First arithmetic element receives the second data that second arithmetic element is sent, wherein second data are institutes State the data that the second arithmetic element executes convolution operation in the i-th convolution operation；

In the i+1 time convolution operation of multiple convolution operation, first arithmetic element is to first weight data And second data carry out multiplying.

7. calculation method as claimed in claim 6, which is characterized in that the computing device further includes the multiple for storing Multiple register groups of data, wherein each arithmetic element in the multiple arithmetic element can obtain the multiple deposit The data stored in any one register group in device group.

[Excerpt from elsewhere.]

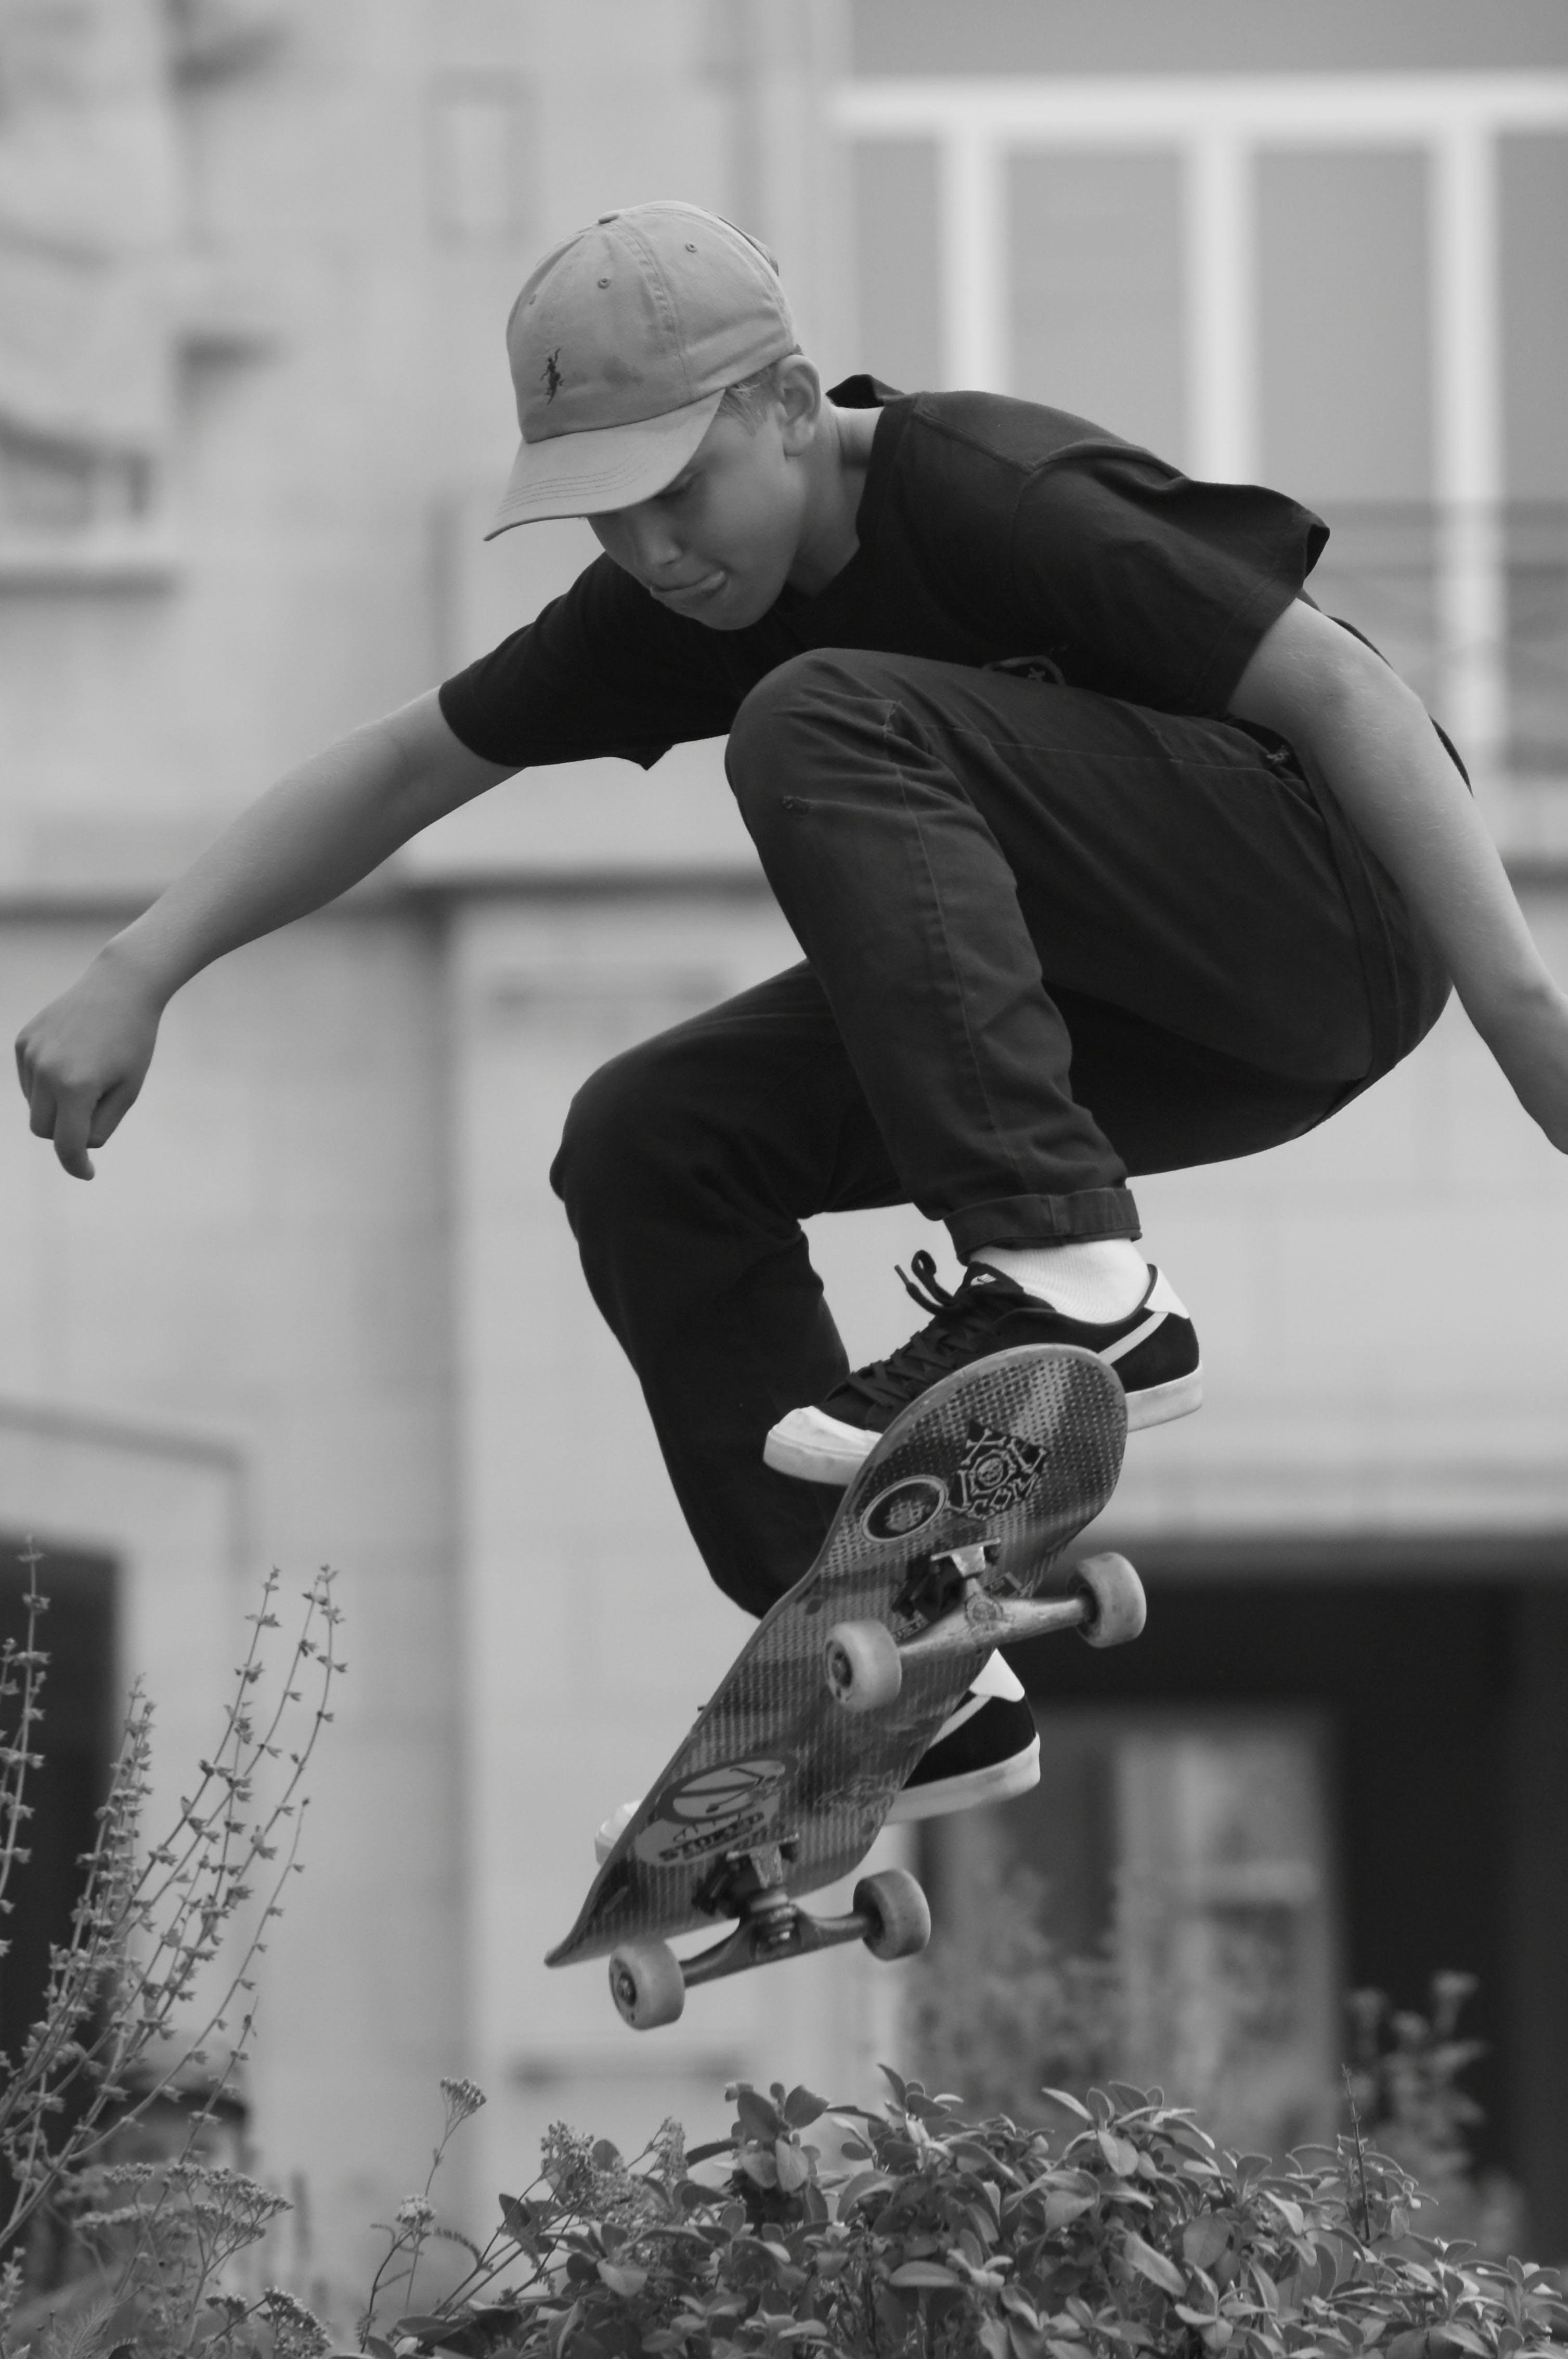 Kostenloses Stock Foto zu action, balance, bewegung, cool

8. calculation method as claimed in claim 7, which is characterized in that the method also includes:

In the i-th convolution operation, first arithmetic element is from the first register group in the multiple register group It is middle to obtain first data；

In the i-th convolution operation, second arithmetic element is from the second register group in the multiple register group It is middle to obtain second data, wherein first register group and second register group are different register groups.

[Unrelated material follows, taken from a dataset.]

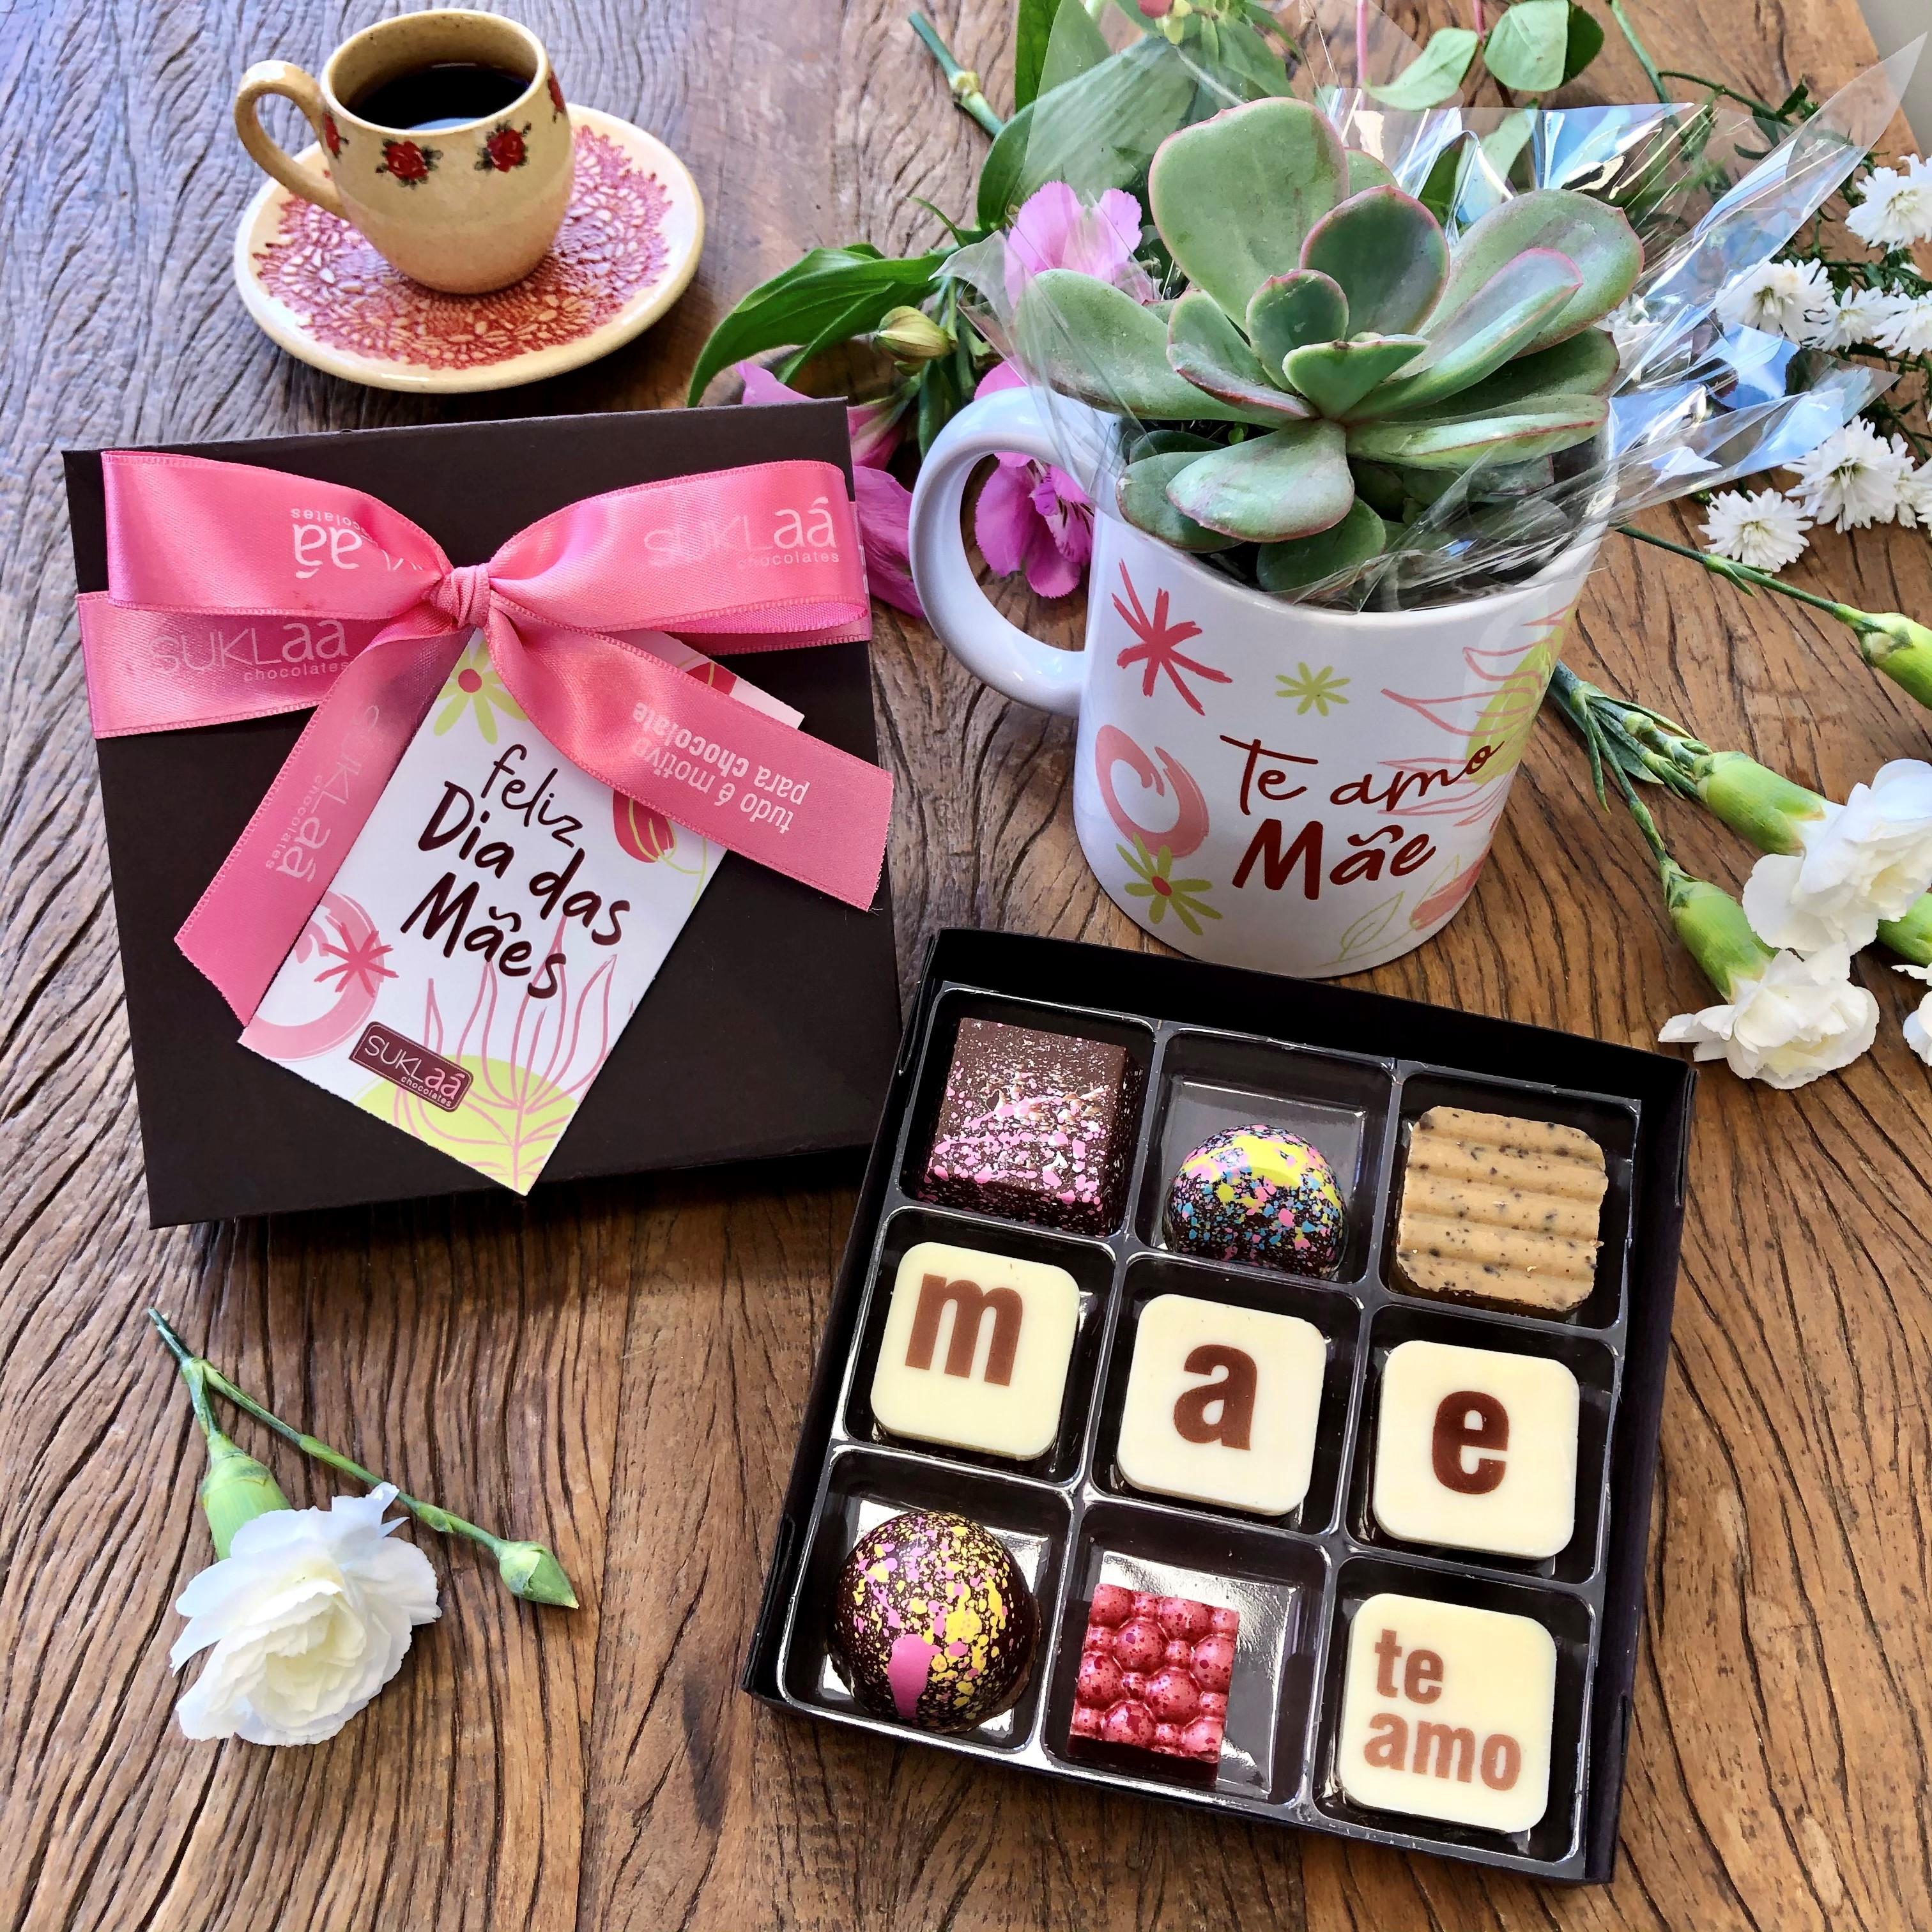 Chocolab 9 bombons - Dia das Mães

9. calculation method as claimed in claim 7 or 8, it is characterised in that: described during the i-th convolution operation The data that multiple arithmetic elements are read from the multiple register group are located at the different registers group of the multiple register group In.

10. calculation method as claimed in claim 9, which is characterized in that the corresponding convolution kernel size of the convolution operation is K* K, the multiple register group include K*K register group, and the multiple data include M row N column data, and the multiple data exist Distribution in the K*K register group meets the following conditions:

The data in xth row s column in the multiple data are stored in r group register, the xth in the multiple data Data in+a row s column are stored in [r+ (a*K)] mod (K*K) group register, wherein and K is the integer not less than 1, Mod indicates progress complementation, and M >=x >=1, N >=s >=1, K*K >=r >=1, M, N, x, s, r, a is positive integer.

11. a kind of computing device, which is characterized in that including multiple arithmetic elements and multiple register groups, wherein each operation list Member is separately connected the multiple register group；

The multiple register group, for storing multiple data of pending multiple convolution operation；

The multiple arithmetic element, for obtaining the multiple data from the multiple register group, and to the multiple number It is operated according to multiple convolution is executed, wherein each arithmetic element in the multiple arithmetic element is for obtaining the multiple deposit The data stored in any one register group in device group.

12. device as claimed in claim 11, which is characterized in that the i-th convolution operation in multiple convolution operation In the process, the data that the multiple arithmetic element is read from the multiple register group are located at the multiple register group not With in register group, wherein i is the integer greater than 0.

13. the device as described in claim 11 or 12, which is characterized in that the corresponding convolution kernel size of the convolution operation is K* K, the multiple register group include K*K register group, and the multiple data include M row N column data, and the multiple data exist Distribution in the K*K register group meets the following conditions:

14. the device as described in any one of claim 11 to 13, which is characterized in that the multiple arithmetic element includes first Arithmetic element and the second arithmetic element,

First arithmetic element is used for:

In the i-th convolution operation in multiple convolution operation, in the first weight data and the multiple data First data carry out multiplying, wherein i is the integer greater than 0；

In the i+1 time convolution operation in multiple convolution operation, to first weight data and second number According to progress multiplying.